*** Data segment ***

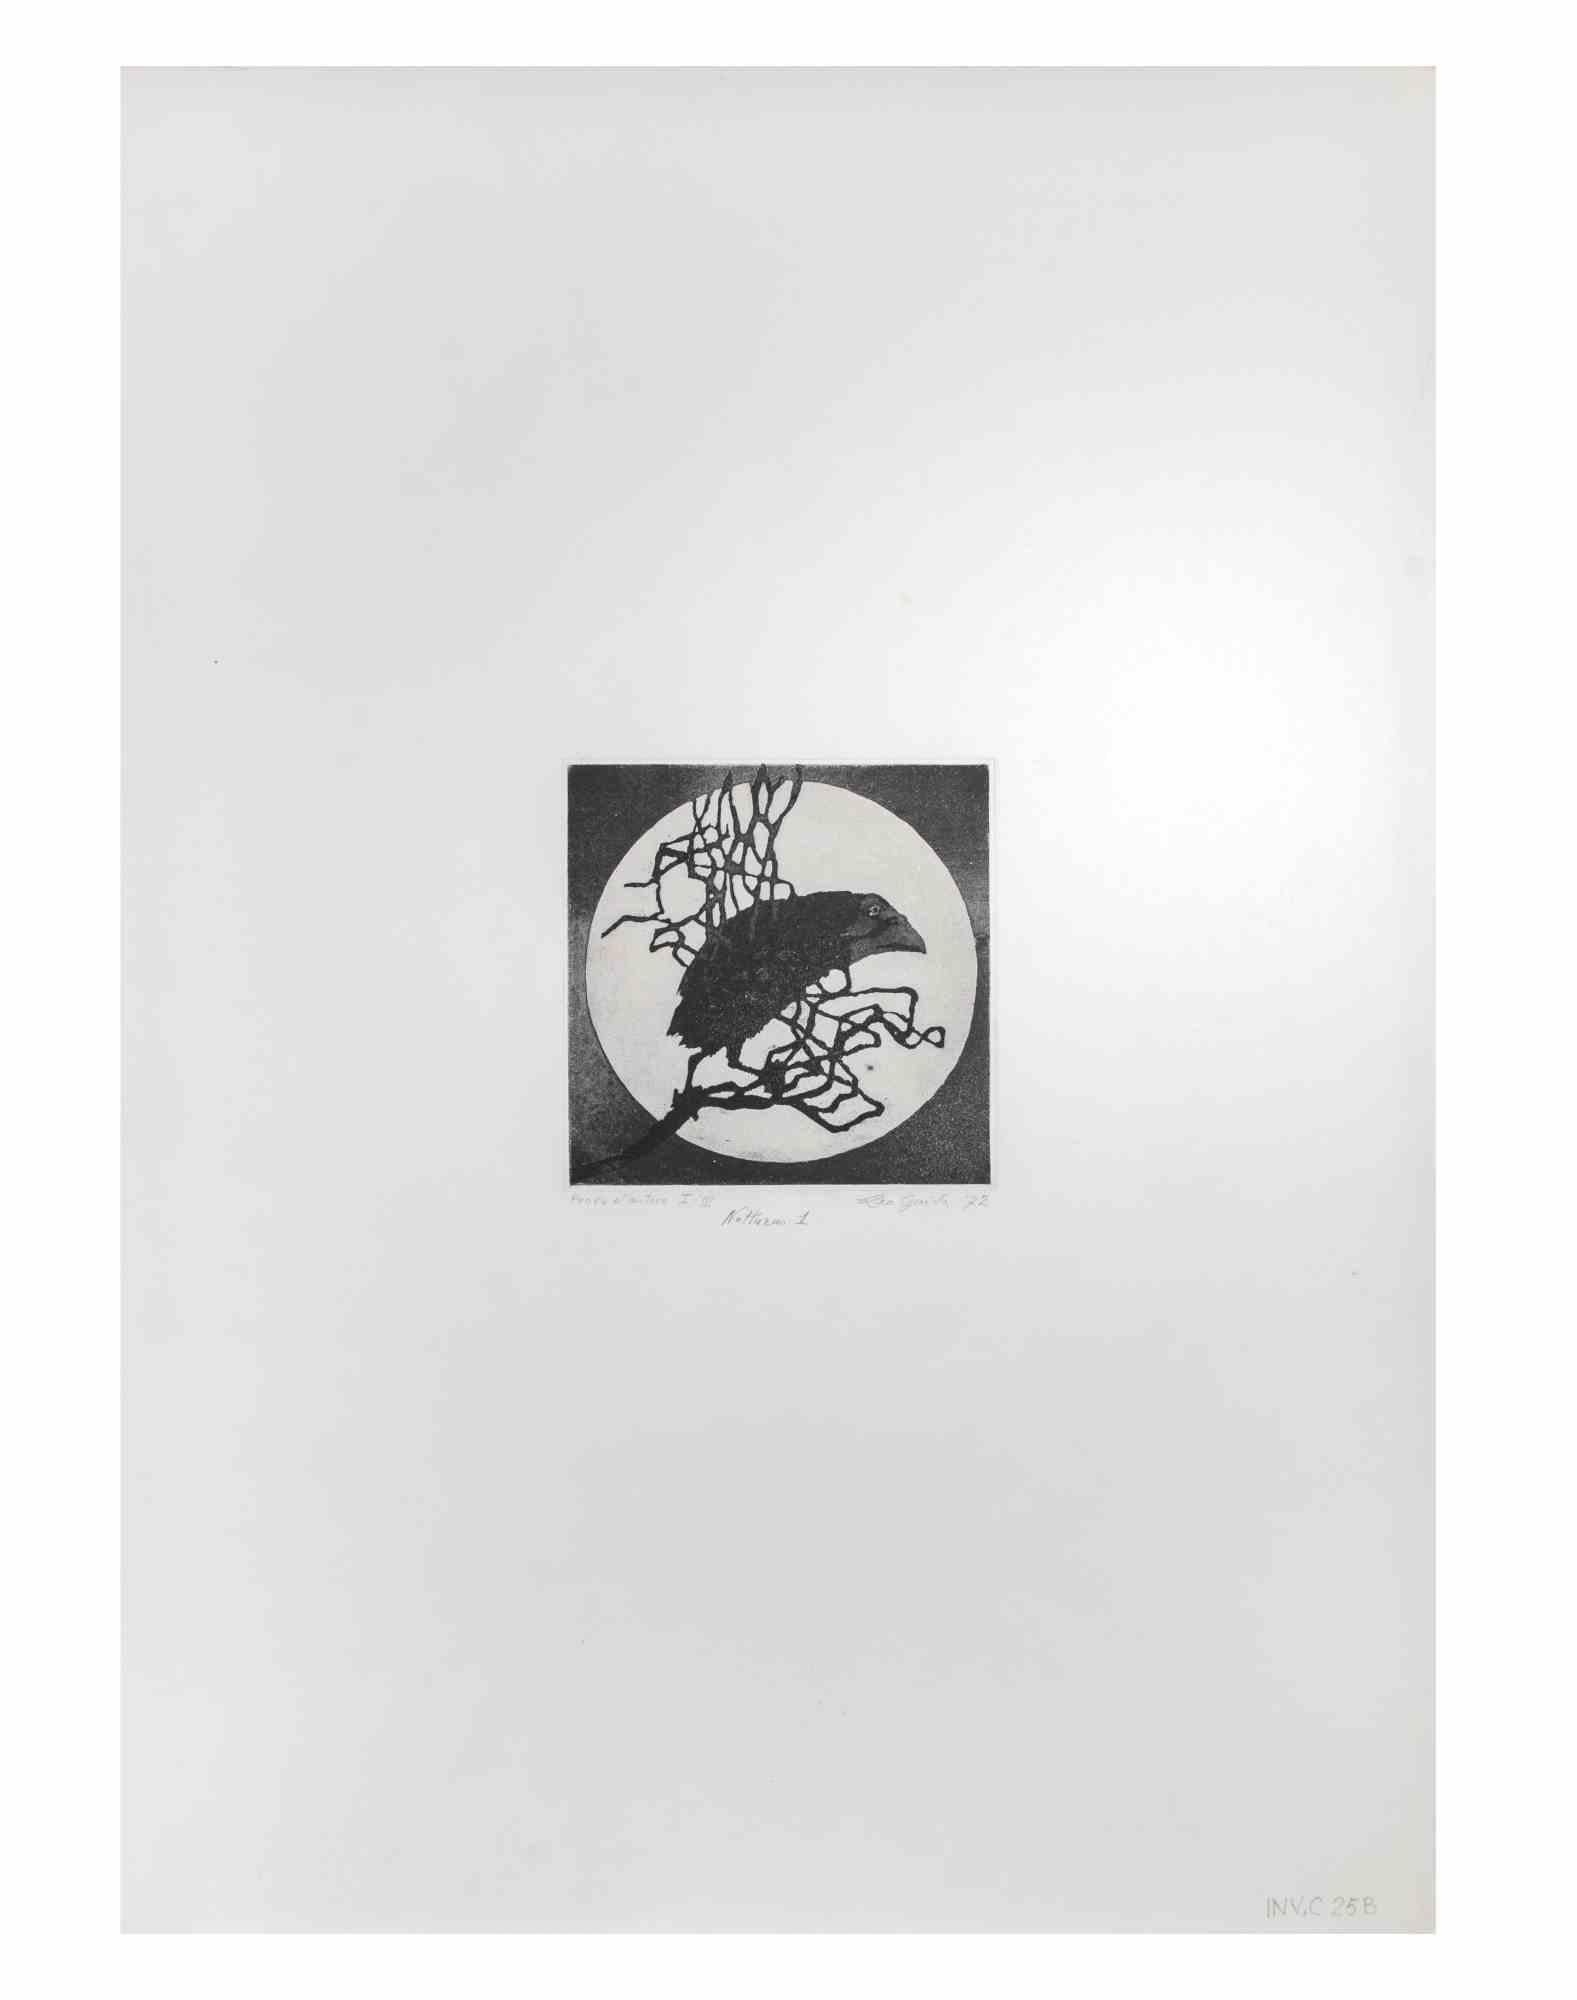 Nocturnal ist ein Kunstwerk, das von dem italienischen Künstler  Leo Guida (1992 - 2017) im Jahr 1972.

Original-Radierung in Schwarz-Weiß auf Papier.

Rechts unten im Rand handschriftlich signiert, datiert und betitelt, links unten im Rand ein

***

Repeat all of the material above exactly, leaving out pictures.

 Nocturnal ist ein Kunstwerk, das von dem italienischen Künstler  Leo Guida (1992 - 2017) im Jahr 1972.

Original-Radierung in Schwarz-Weiß auf Papier.

Rechts unten im Rand handschriftlich signiert, datiert und betitelt, links unten im Rand ein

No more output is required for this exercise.